Even a Miata can handle snow with modern snow tires until it's ground clearance isn't high enough anymore.

Most people don't like maintaining two sets of wheels for summer and winter, nor do they get enough snow to justify having a full set of winter tires. For light snow and plowed roads, AWD and all season tires work well enough.


Yes, people are lazy and don't want to shell out $500 for a second set of tires and $100 a year to swap them on and off. They'd rather be out in the puckerbrush off the road because they try driving in snow and slush on "all-weather" tires...

The first snow storm of the year is a great day for the wrecker companies.
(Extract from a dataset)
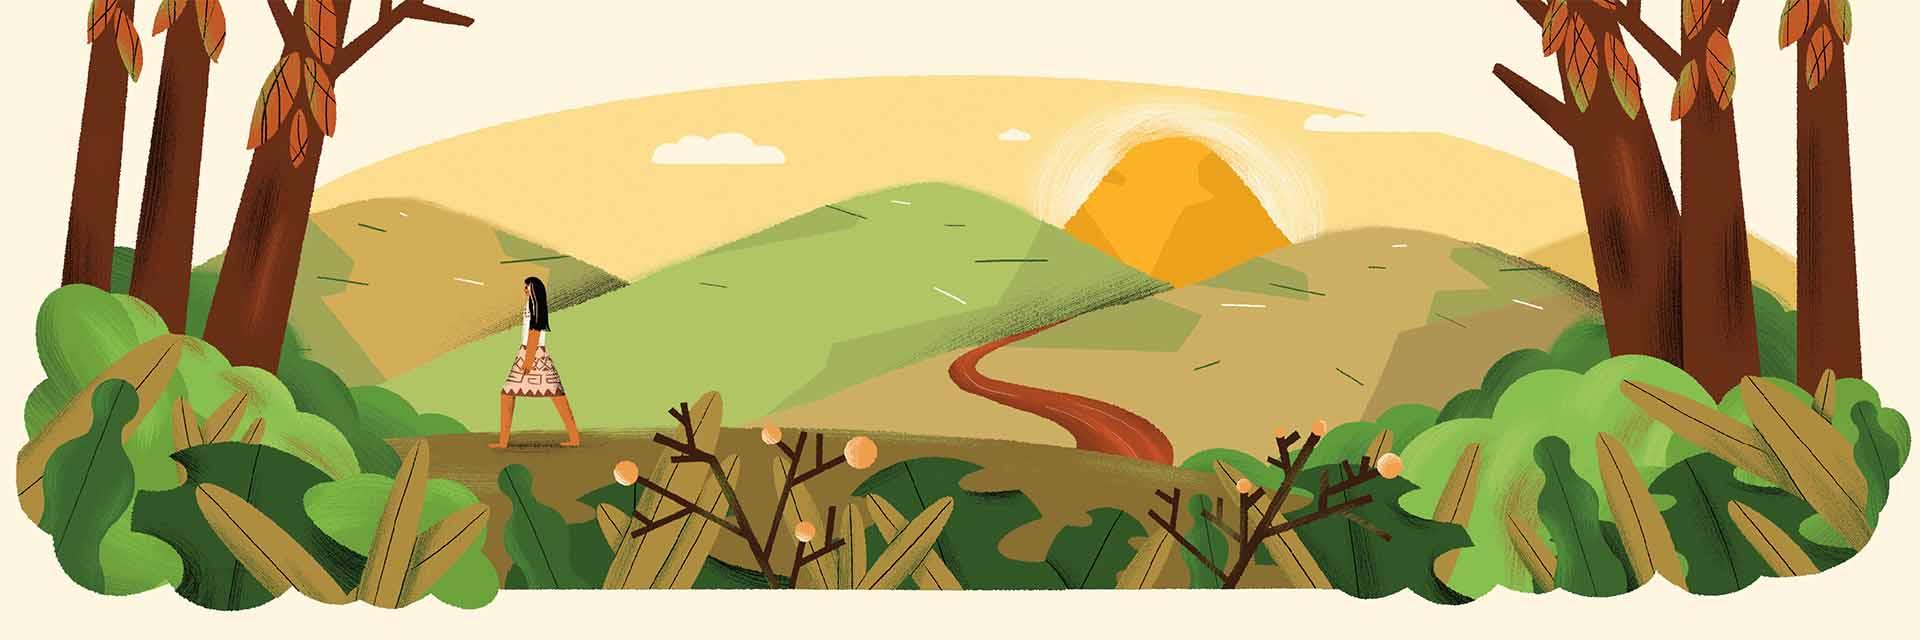 מתוך הסיפור נהר השוקולד. איור: חן ליבמן

That's assuming you're willing to run winter tires on your summer wheels, which you probably aren't given the trend of big wheels, narrow sidewalls. You're probably going to want a set of smaller steel wheels for the winter.

AWD is usually a <$1500 option which makes it really competitive against a second set of wheels and tires.


If you need AWD to get moving, that's kind of dangerous, since it doesn't increase your ability to stop.


I think most people just want the AWD to get in/out of their driveway, then you're on plowed roads and the AWD doesn't really make a difference anymore.

Plus, AWD+snow tires is still better than FWD/RWD+snow tires. It's not always an either-or situation.


I suppose but I find that AWD is generally a crutch that most people don't need at all, and those that think they do just don't want to use proper winter tires and endanger others on the road as a result.

The amount of people who actually need AWD in addition to proper equipment, is probably a minuscule fraction of the people who think they need it.

I specify winter tires instead of snow tires because it's not just about snow, it's about temperature as well. All-season tires are generally pretty good about this, compared to summer tires, but once you get to 10F or less, most all-season tires (maybe all of them?) are about as good as driving on rocks.